In 2003, faced with what the American Medical Association was calling a “crisis” of doctors fleeing the state due to an overabundance of “frivolous” malpractice suits, the Florida legislature ruled to cap noneconomic damages at $500,000 in most cases and $1 million in death. Since then, these caps have demonstrably failed at changing the doctor situation in Florida. But more importantly, they have limited the ability of victims and their families to access the state courts as a means of redressing injuries.
Now, the Florida Supreme Court will finally hear a case that will challenge the constitutionality of noneconomic damage caps in the state. The case is Estate of McCall v. U.S., which involves the 2006 death of Michelle McCall in the care of Air Force hospital personnel. Upon developing preeclampsia during pregnancy, McCall was induced and gave birth to a healthy little boy, but later died after having internal bleeding when caregivers neglected to monitor her blood pressure.

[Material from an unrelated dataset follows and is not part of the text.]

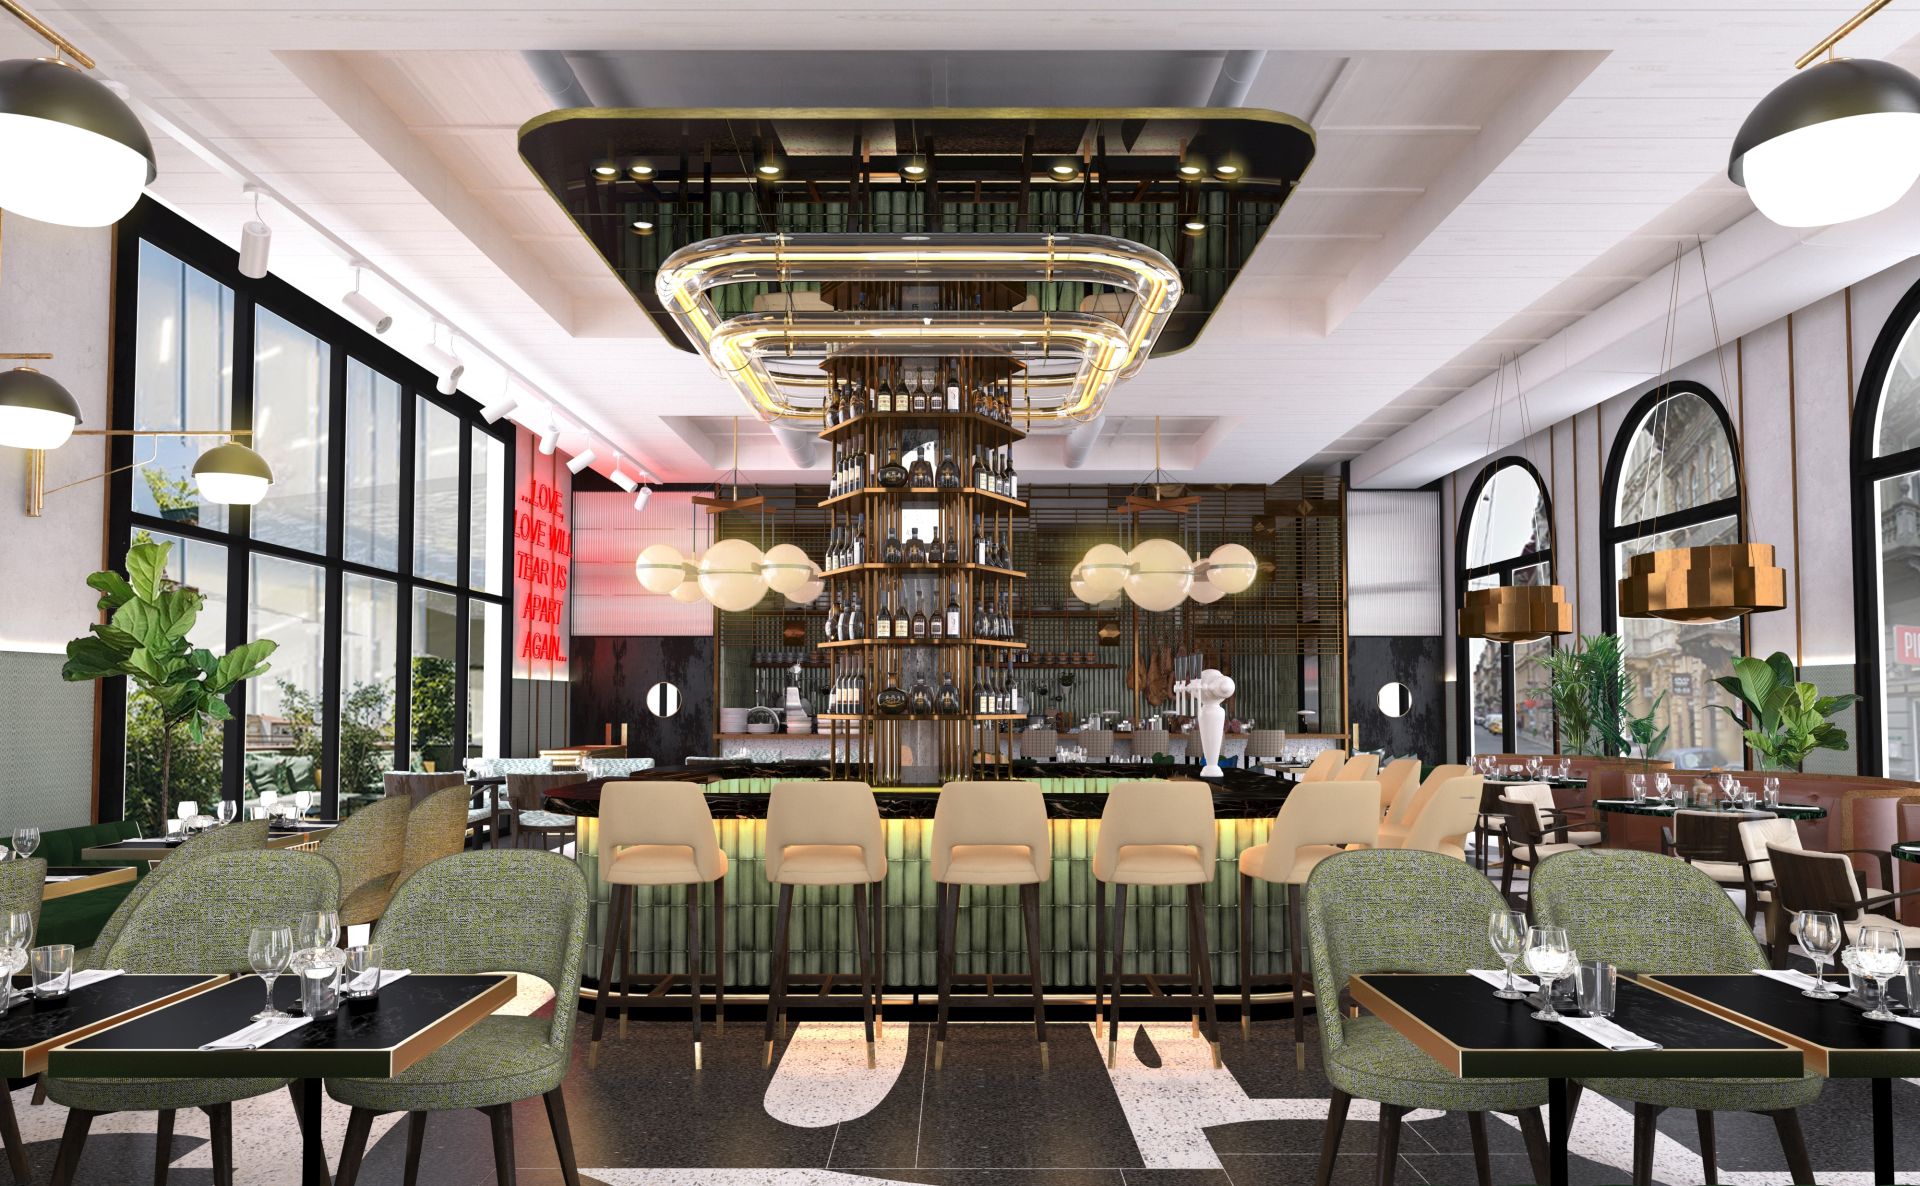 A Brand New Restaurant From Hard Rock Hotels Brings Fresh Vibes To Budapest
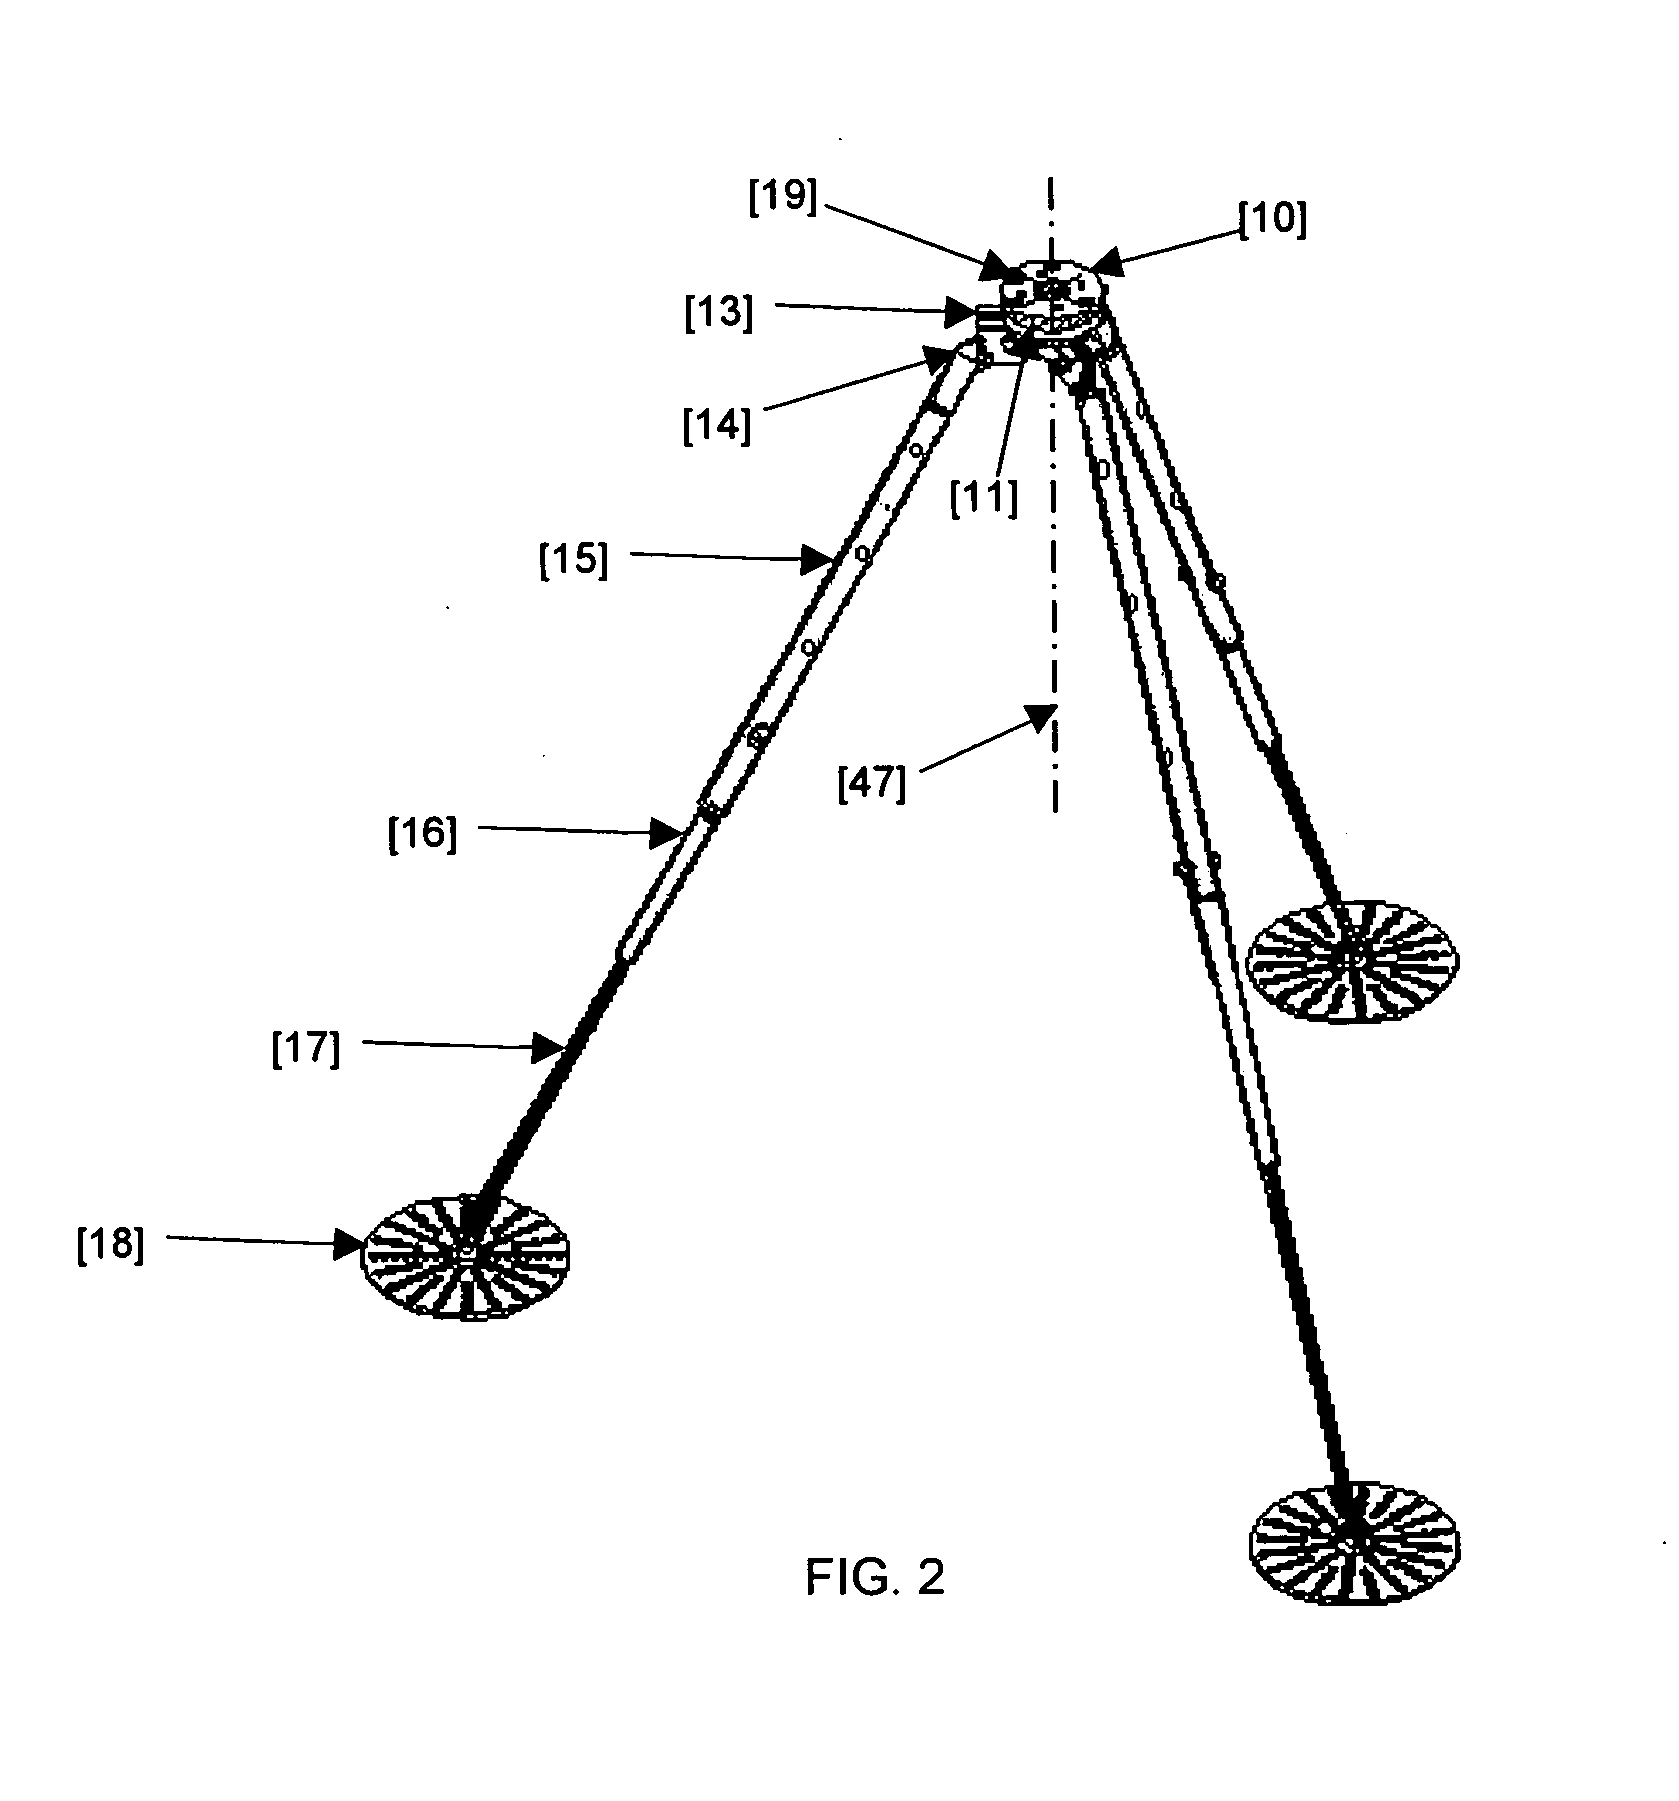 Adjustable tripod mechanism to support devices or transducers for scientific measurement

In 2007, McCall’s estate, her parents, her son, and her son’s father filed suit against the United States for the medical negligence that had caused her death. The federal judge found in favor of the family, and determined an appropriate award of almost $3 million–$2 million of which was in noneconomic damages. $500,000 of this was to go to McCall’s baby son, for the loss of his mother whom he would never know; $750,000 was to go to each of McCall’s parents for the pain and suffering caused by the loss of their daughter. Of course, the state caps forced the judge to drastically reduce the amount he had determined should go to the family; this decision was appealed, and now the case is headed to the Florida Supreme Court.
The outcome of this case will no doubt be vital to the future of Americans’ access to the courts, not only in Florida but everywhere there are damage caps. These caps aren’t in the best interest of 99% of Americans; it would be very satisfying to see them ruled unconstitutional.